CONFIG_URL = f"https://raw.githubusercontent.com/maxim-chn/deep-learning/{VERSION}/config/project.json"
PREPROCESSED_IMAGES_TARGET = 100000 + 1000
UNPREPROCESSED_IMAGES_LIMIT = PREPROCESSED_IMAGES_TARGET // 2
START_TIME = time()

In [None]:
response = requests.get(CONFIG_URL)
if response.status_code == 200:
  project_config = response.json()
else:
  raise RuntimeError("Failed to download project config")
project_config["machine"]["tasks_number"] = multiprocessing.cpu_count()

In [None]:
BUCKETS = project_config["buckets"]
BUCKETS["preprocessed"] = {
    "name": BUCKETS["preprocessed"]["name"],
    "test": BUCKETS["preprocessed"][FLOW]["test"],
    "train": BUCKETS["preprocessed"][FLOW]["train"]
}
MACHINE = project_config["machine"]
MODEL_INPUT = project_config["model_input"]
PROJECT_ID = project_config["id"]

[Back to Table of Contents](#table-of-contents)

## Connection Setup to Google Cloud Storage
Our goal is to gain access to the *Google Cloud Filesystem*, which is [Google Buckets](https://console.cloud.google.com/storage/browser?hl=en&project=confident-trail-426114-e6) in the case of our project.

The interaction with the Google Cloud Filesystem is managed by the [google-cloud-storage module](https://cloud.google.com/python/docs/reference/storage/latest), initialized with the [google-cloud-storage's Client](https://cloud.google.com/python/docs/reference/storage/latest/google.cloud.storage.client.Client)

In [None]:
auth.authenticate_user()
client = storage.Client(project=PROJECT_ID)

[Back to Table of Contents](#table-of-contents)

## Custom API Definition
This is utility methods and parameters defined specifically for the purpose of preprocessing.

### Image API

In [None]:
class ProcessedImage:
  def __init__(self, counter: int, tr_data: list = [], te_data: bytes = None):
    self._counter = counter
    self._counted_tr = 0
    self._init_name()
    self._init_tr_data(tr_data)
    self._init_te_data(te_data)

  @property
  def name(self) -> str:
    return self._name

  @property
  def te_data(self) -> dict:
    return self._te_data

  @property
  def tr_data(self) -> list:
    return self._tr_data

  def _init_name(self) -> None:
    self._name = f"img_{self._counter}"
    if self._counted_tr > 0:
      self._name = f"{self._name}_tr_{self._counted_tr}"

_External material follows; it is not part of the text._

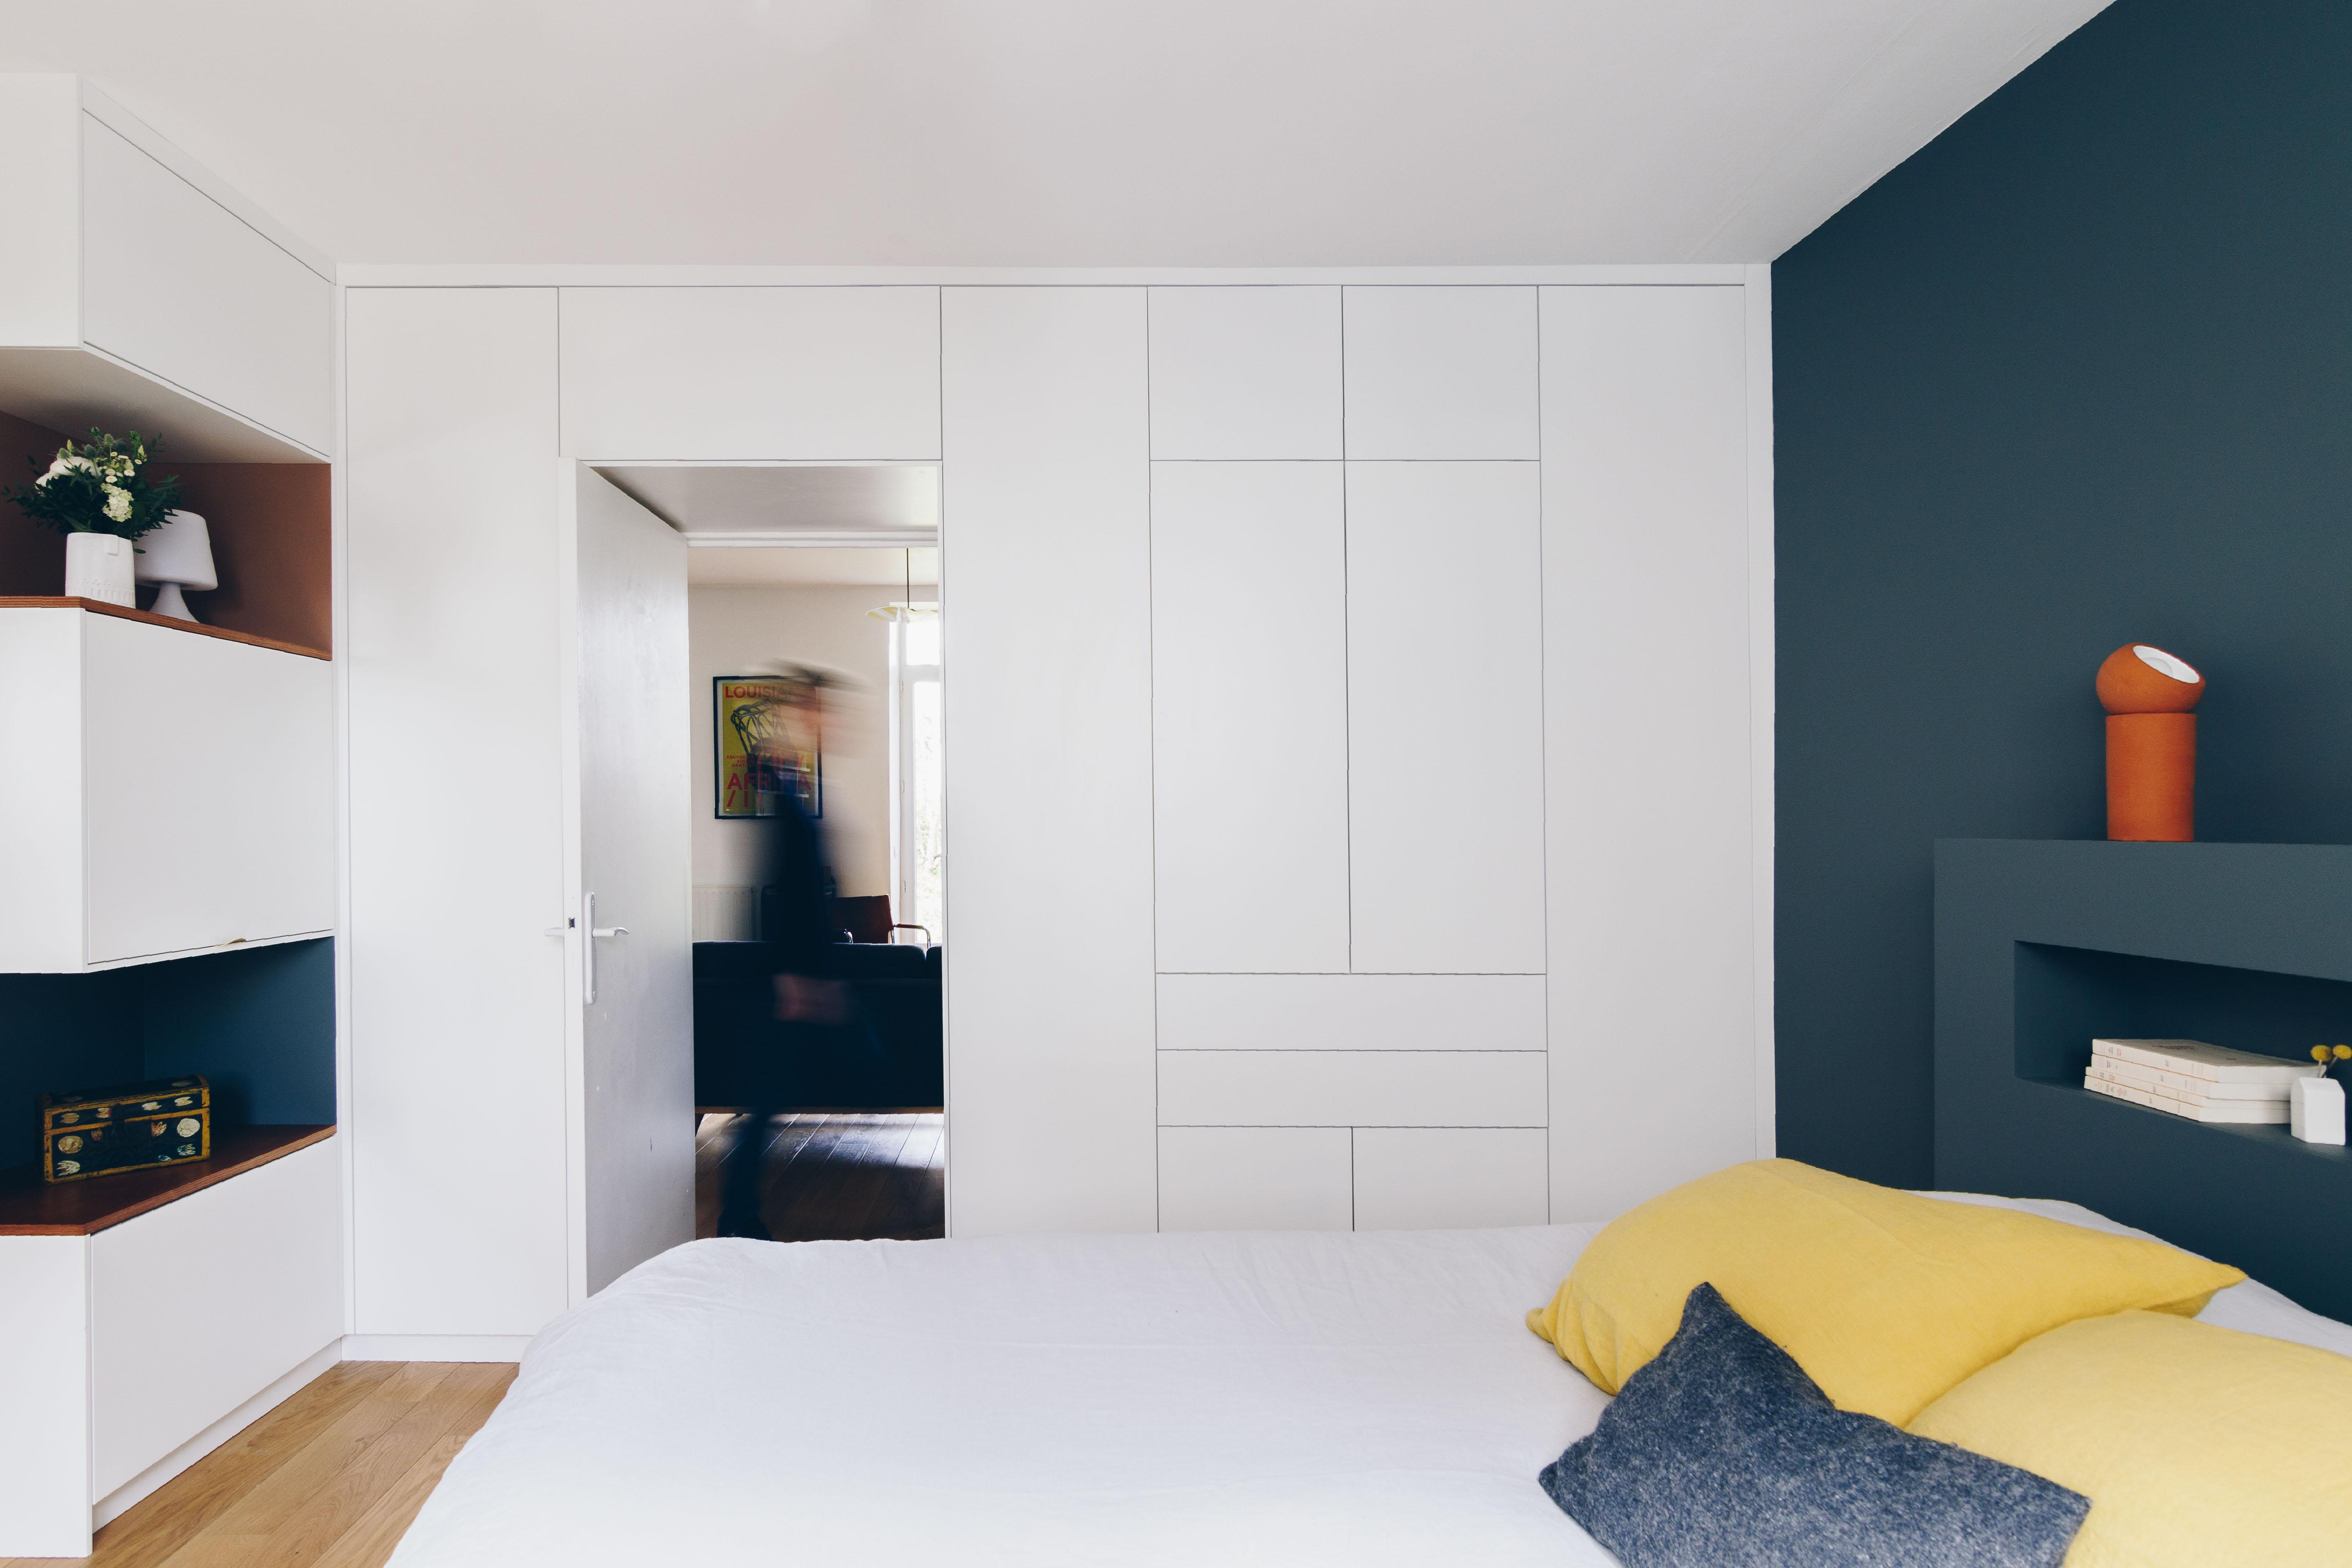 http://a-pithoisguillou.fr/agencement-et-decoration-dun-duplex/

  def _init_te_data(self, data: bytes = None) -> None:
    self._te_data = None
    if data is None:
      return
    te_obj_name_prefix = f"{self.name}_te"
    self._te_data = {"name": f"{self.name}_te", "data": data}

  def _init_tr_data(self, data: list) -> None:
    self._tr_data = []
    if len(data) == 0:
      return
    for tr_obj_data in data:
      self._tr_data.append({"name": f"{self.name}_tr_{self._counted_tr}", "data": tr_obj_data})
      self._counted_tr += 1

class UnprocessedImage:
  images_counted = 0

  def __init__(self, name: str, data: bytes):
    self._data = data
    self._name = name
    self._update_counter()

  @property
  def counter(self) -> int:
    return self._counter

  @property
  def data(self) -> str:
    return self._data

  @property
  def name(self) -> str:
    dot_idx = self._name.find('.')
    if dot_idx != -1:
      return self._name[:dot_idx]
    return self._name

  def _update_counter(self):
    self._counter = UnprocessedImage.images_counted
    UnprocessedImage.images_counted += 1

In [None]:
def convert_bytes_to_image(data_bytes: bytes) -> Image:
  return Image.open(BytesIO(data_bytes))

def convert_image_to_bytes(image: Image) -> bytes:
  result = BytesIO()
  image.save(result, format="PNG")
  result.seek(0)
  return result.getvalue()

def convert_image_to_grayscale(image: Image) -> Image:
  return image.convert("L")

### BucketOfImages API

In [None]:
def get_batch_of_images(client: storage.Client, num_of_blobs: int) -> list:
  if not hasattr(get_batch_of_images, 'blobs'):
    bucket = client.get_bucket(BUCKETS["unpreprocessed"]["name"])
    get_batch_of_images.blobs = list(bucket.list_blobs())
    get_batch_of_images.num_of_blobs = len(get_batch_of_images.blobs)
    get_batch_of_images.last_read_index = 0
  if get_batch_of_images.last_read_index >= UNPREPROCESSED_IMAGES_LIMIT - 1:
    print(f"Reached unpreprocessed images limit: {UNPREPROCESSED_IMAGES_LIMIT}")
    return []
  result = []
  while num_of_blobs > 0:
    if get_batch_of_images.last_read_index >= get_batch_of_images.num_of_blobs:
      break
    blob = get_batch_of_images.blobs[get_batch_of_images.last_read_index]
    result.append(UnprocessedImage(blob.name, blob.download_as_bytes()))
    get_batch_of_images.last_read_index += 1
    num_of_blobs -= 1
  if get_batch_of_images.last_read_index % MACHINE["std_output_threshold"] == 0:
    print(f"Unpreprocessed image #{get_batch_of_images.last_read_index} was read.")
  return result

def get_batches_of_images(client: storage.Client, num_of_batches: int, num_of_blobs: int) -> list:
  result = []
  while num_of_batches > 0:
    next_batch = get_batch_of_images(client, num_of_blobs)
    if len(next_batch) == 0:
      break
    result.append(next_batch)
    num_of_batches -= 1
  return result

def upload_blob(bucket: storage.Bucket, path: str, data: bytes) -> None:
  blob = bucket.blob(path)
  blob.upload_from_string(data, content_type="image/%s" % MODEL_INPUT["type"])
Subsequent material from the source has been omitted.